INTRODUCTION
Neoplasms showing lipomatous differentiation comprise the numerically largest family of neoplasms in man. They can occur at almost all body sites and display a wide age spectrum ranging from infancy to late adult life. Benign lipomas are most frequent in patients between 40 and 60 years of age while liposarcomas most often come to clinical attention in patients over 50 years of age.
Neoplasms showing true lipomatous differentiation express S-100 protein. Additionally, benign lipomatous neoplasms display a variety of translocations, rearrangements, and other genetic alterations which include translocations involving 12q13–15, 8q11–13, 11q13, and 10q22. Lipomas of usual type show deletions of 13q, while spindle cell and pleomorphic lipomas show loss of 16q13.
Of diagnostic importance is the CHOP gene rearrangement characteristic of myxoid and round cell liposarcomas and amplification of the MDM2 gene in well differentiated liposarcomas and atypical lipomatous neoplasms. This gene amplification helps distinguish these neoplasms from benign lipomas.
LIPOMA
Clinical features
Lipomas occur as both solitary and multiple lesions. Most are removed for cosmetic purposes. Lipomas are rare before 20 years of age but gradually increase in frequency with a maximum prevalence in patients 40 to 60 years old. The frequency of lipomas does not vary with race. Men appear to be more frequently affected.
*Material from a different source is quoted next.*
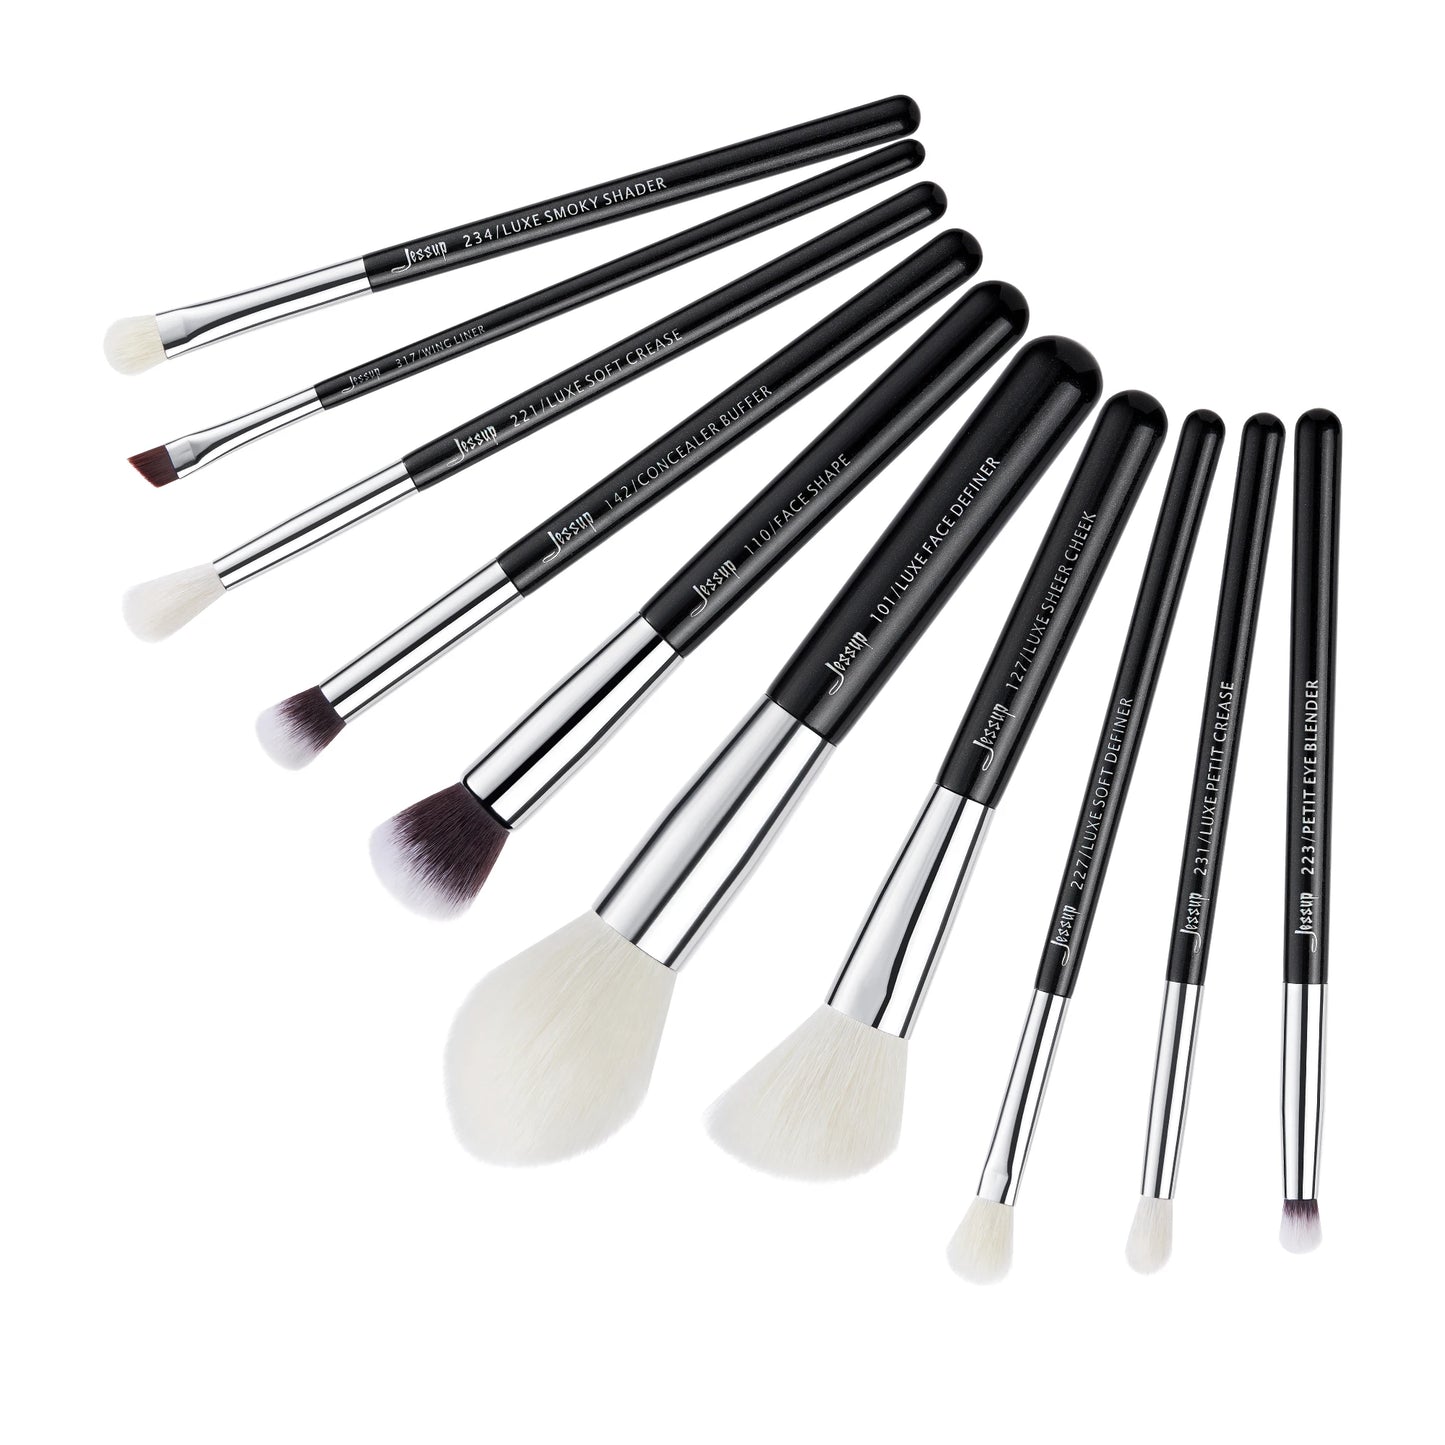 Jessup Cosmetic Brush Set: 10 Pieces

Lipomas may occur as either superficial or deep neoplasms and, in both locations, are usually asymptomatic slowly growing masses. Pain is rarely apparent in ordinary lipomas, but angiolipomas are often painful. Imaging studies are helpful in identifying a lesion as fatty in nature but are of less aid in separating benign from malignant neoplasms. Magnetic resonance imaging studies of both benign and malignant lipomatous neoplasms demonstrate high signal intensity on T1-weighted images.